Billy me miró, cuestionándome silenciosamente por mi exabrupto.
—¿Cuándo se fue de la ciudad la familia Crapper? —pregunté, casi confirmando mi sospecha.
—¿Qué... qué tienen que ver ellos con esto? —preguntó nervioso, con los ojos mirando a todas partes menos a mí.
¡Bingo! Había dado en el blanco.
—Se fueron de Sin City exactamente hace cuatro días —afirmé, y mi voz se volvía más segura cada segundo—. A menos que esta sea la madre de todas las coincidencias y realmente tuvieran planeado irse en esa fecha en particular, ¿no crees que es un poco extraño que una familia haga las maletas y se largue de la noche a la mañana, sin previo aviso?
Nadie sabía que se marchaban: ni la escuela, ni el hospital, ni siquiera los chismosos de esta ciudad que se meten en los asuntos de todos. Si alguien lo hubiera sabido con antelación, se habría hecho público hace semanas. Y Billy, sabes que no creo en las coincidencias.
—Pero... —dijo él con nerviosismo—, eso no prueba que estén involucrados en la desaparición de Nina.
—No, no lo prueba —dije asintiendo—, pero al menos ya sé por dónde empezar.
—¿Cómo vas a encontrarlos? —cuestionó él.

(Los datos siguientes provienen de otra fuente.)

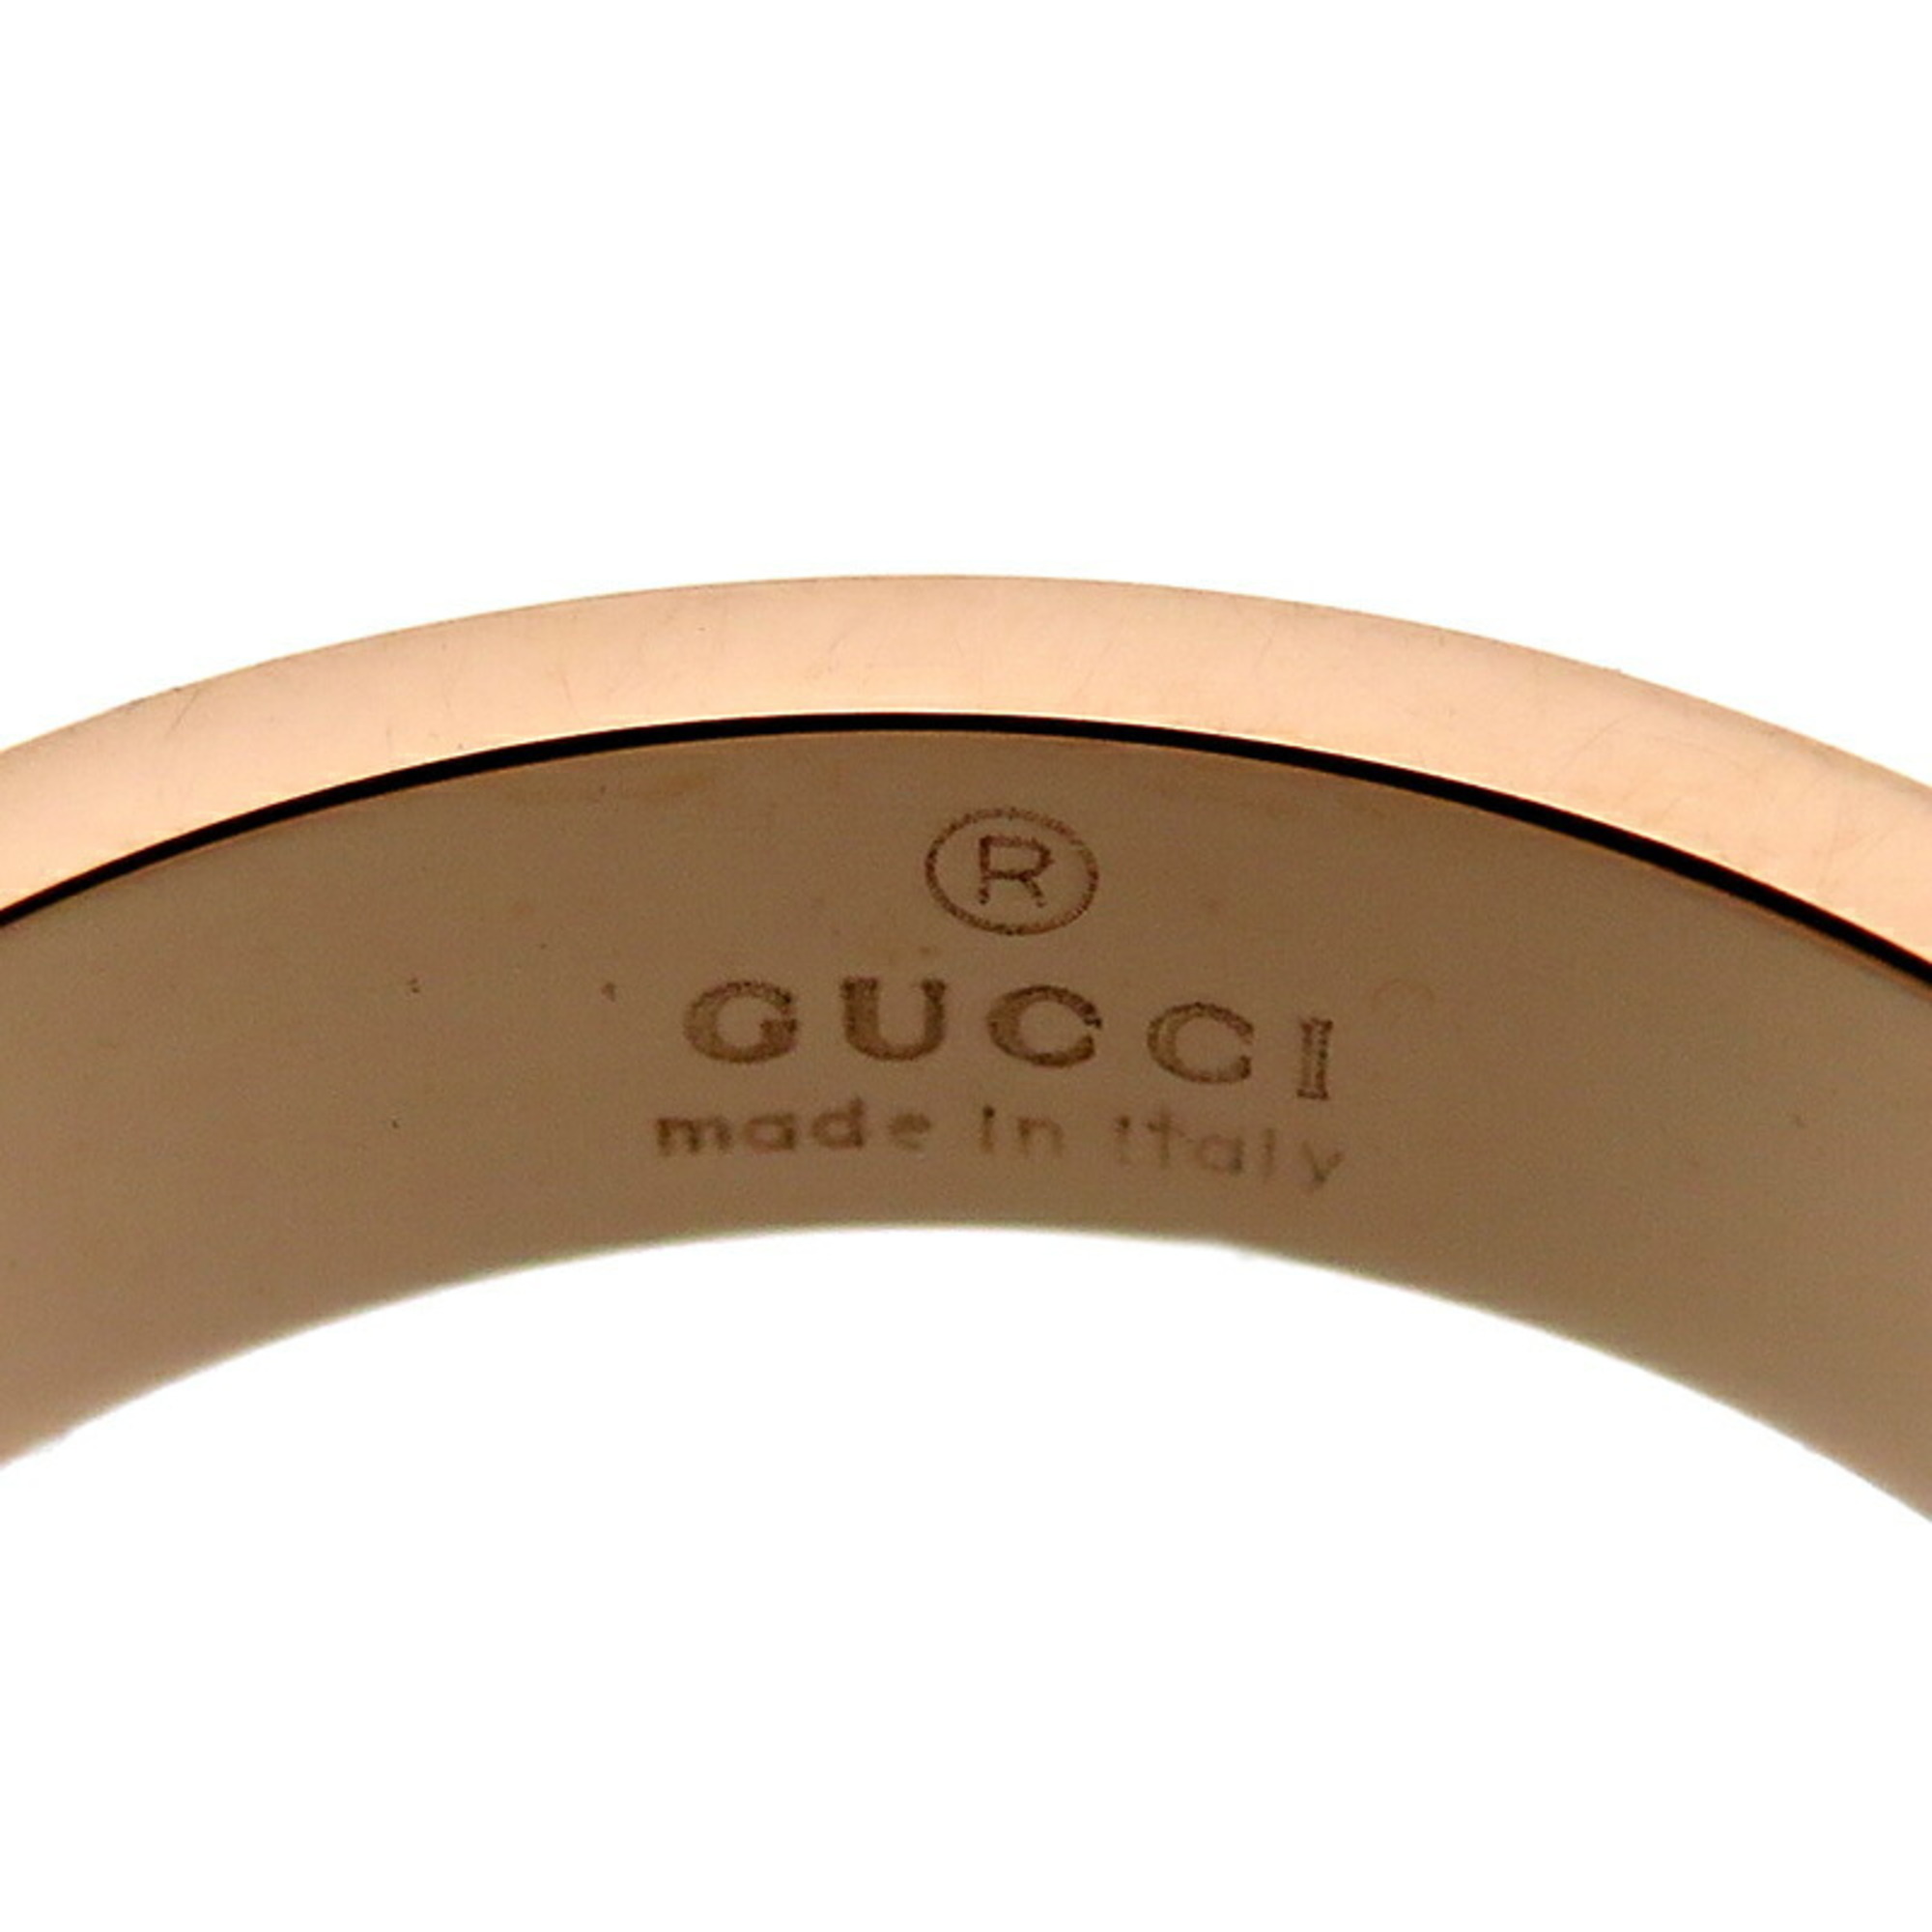 Gucci 750PG Icon Women's Ring, 750 Pink Gold, Size 8
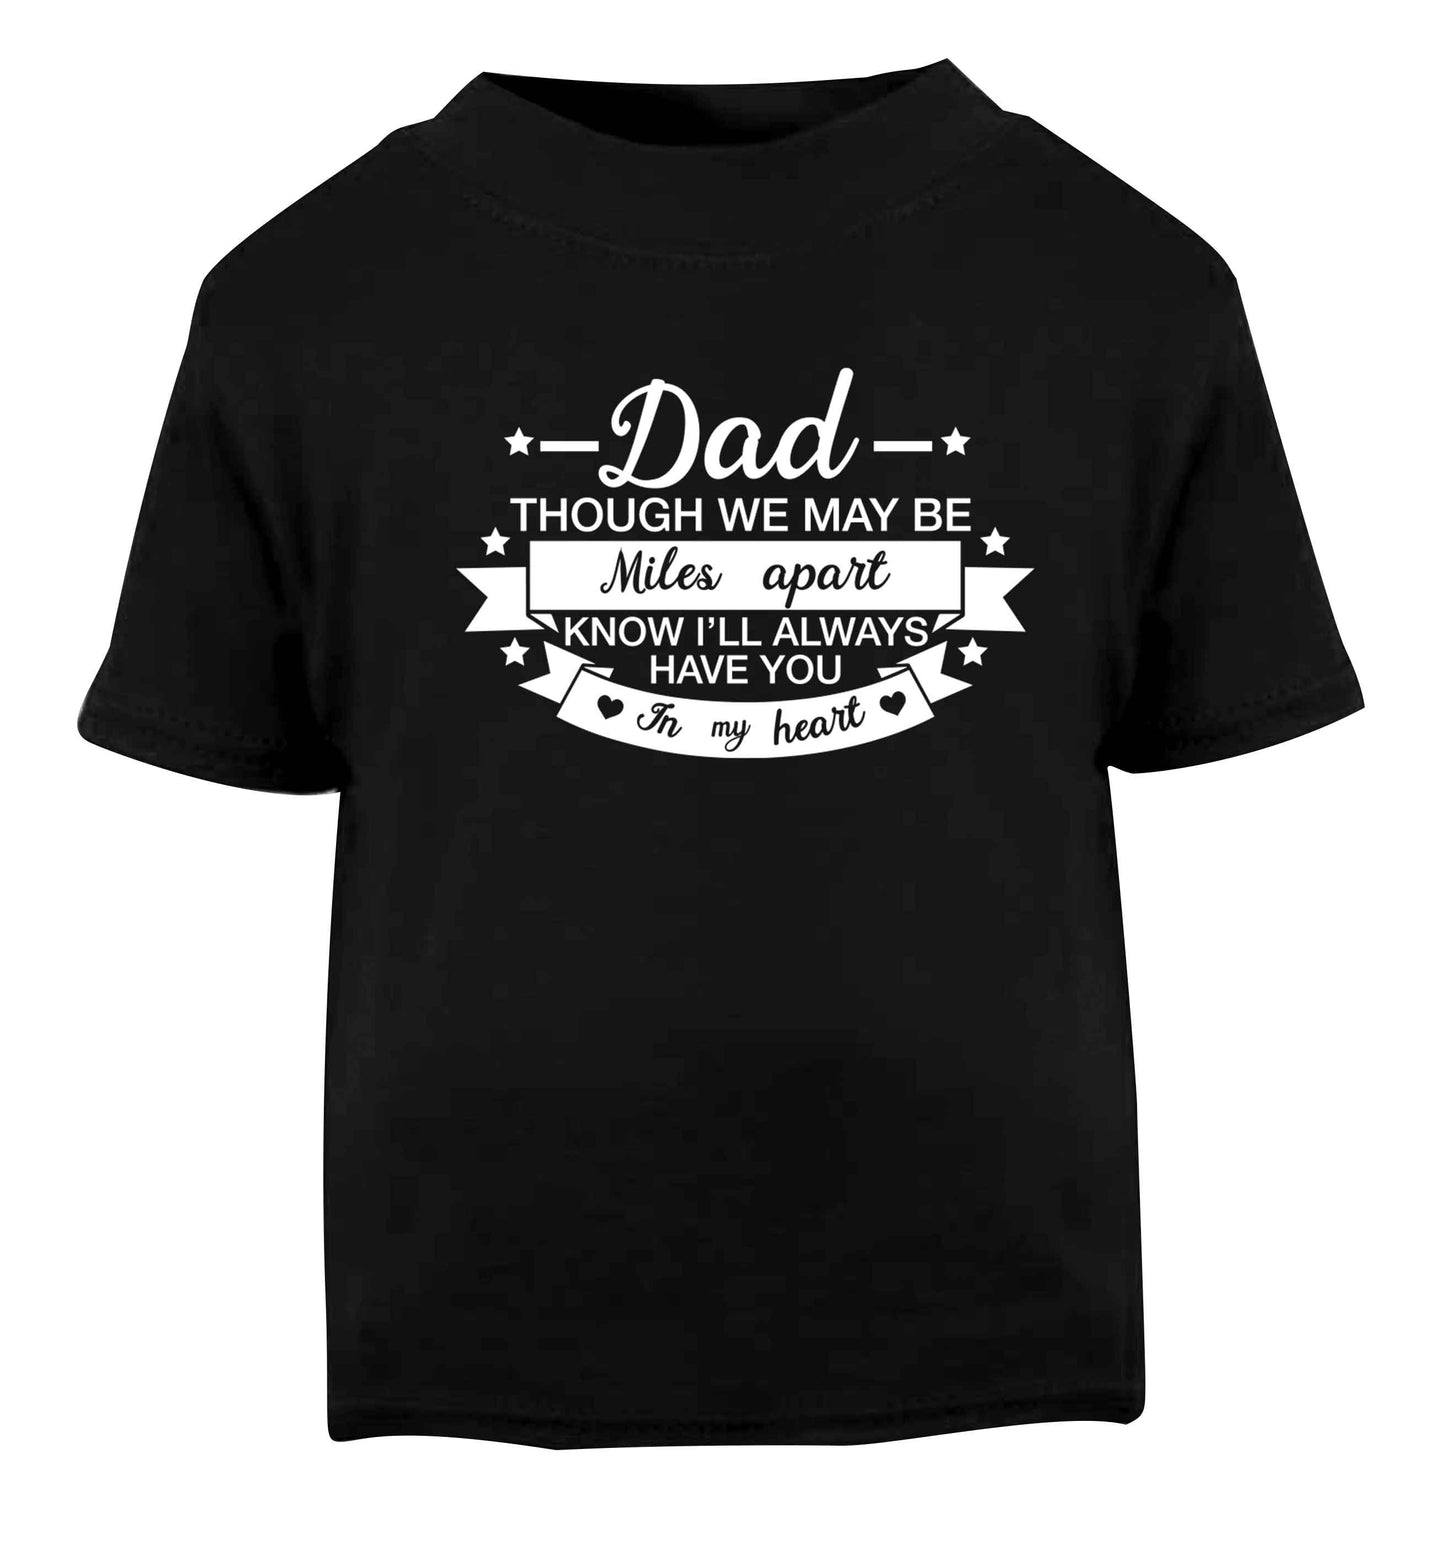 Dad though we are miles apart know I'll always have you in my heart Black baby toddler Tshirt 2 years

Lo pensé por unos minutos. Lo más probable era que nadie supiera a dónde se habían mudado, ya que se fueron sin decir nada.
—Alaska —dije finalmente—. ¿No fue de allí de donde vinieron? Entonces por ahí empezaré. Lo más probable es que regresaran allá, especialmente si cometieron un crimen. No querrían que la gente los encontrara fácilmente.
—Pero... pero ¿cómo vas a buscar a una sola familia en toda Alaska? —Sus ojos estaban muy abiertos por la incredulidad.
Me encogí de hombros.
—Registros escolares. Podré encontrar una cosa u otra que me sirva de inicio. El hospital tendrá alguna dirección anterior o un número de teléfono que pueda ayudarme.
—Esto es ridículo —dijo él—. Podría llevarte años. ¿Y tu trabajo?
Me encogí de hombros de nuevo.
—Es mi hija, Billy. No me he tomado vacaciones en años. Puedo tomarme unas semanas libres y, si llega el caso, dejaré mi cargo y mi empleo con gusto. Nina é mucho más importante para mí.
—Esto va a ser peligroso —suspiró Billy finalmente. Me concentré en sus palabras. Definitivamente sabía algo—. Sigo diciéndote que te rindas. Ella se ha ido. Acéptalo.
—No me importa. La encontraré. No lo aceptaré hasta que vea su c*****r —dije antes de empezar a planear mentalmente los preparativos de mi viaje.
Iba a encontrar a mi hija pasara lo que pasara. No me importaba qué tan peligroso terminara siendo. Acababa de mudarse a vivir conmigo. No iba a perderla de nuevo tan pronto.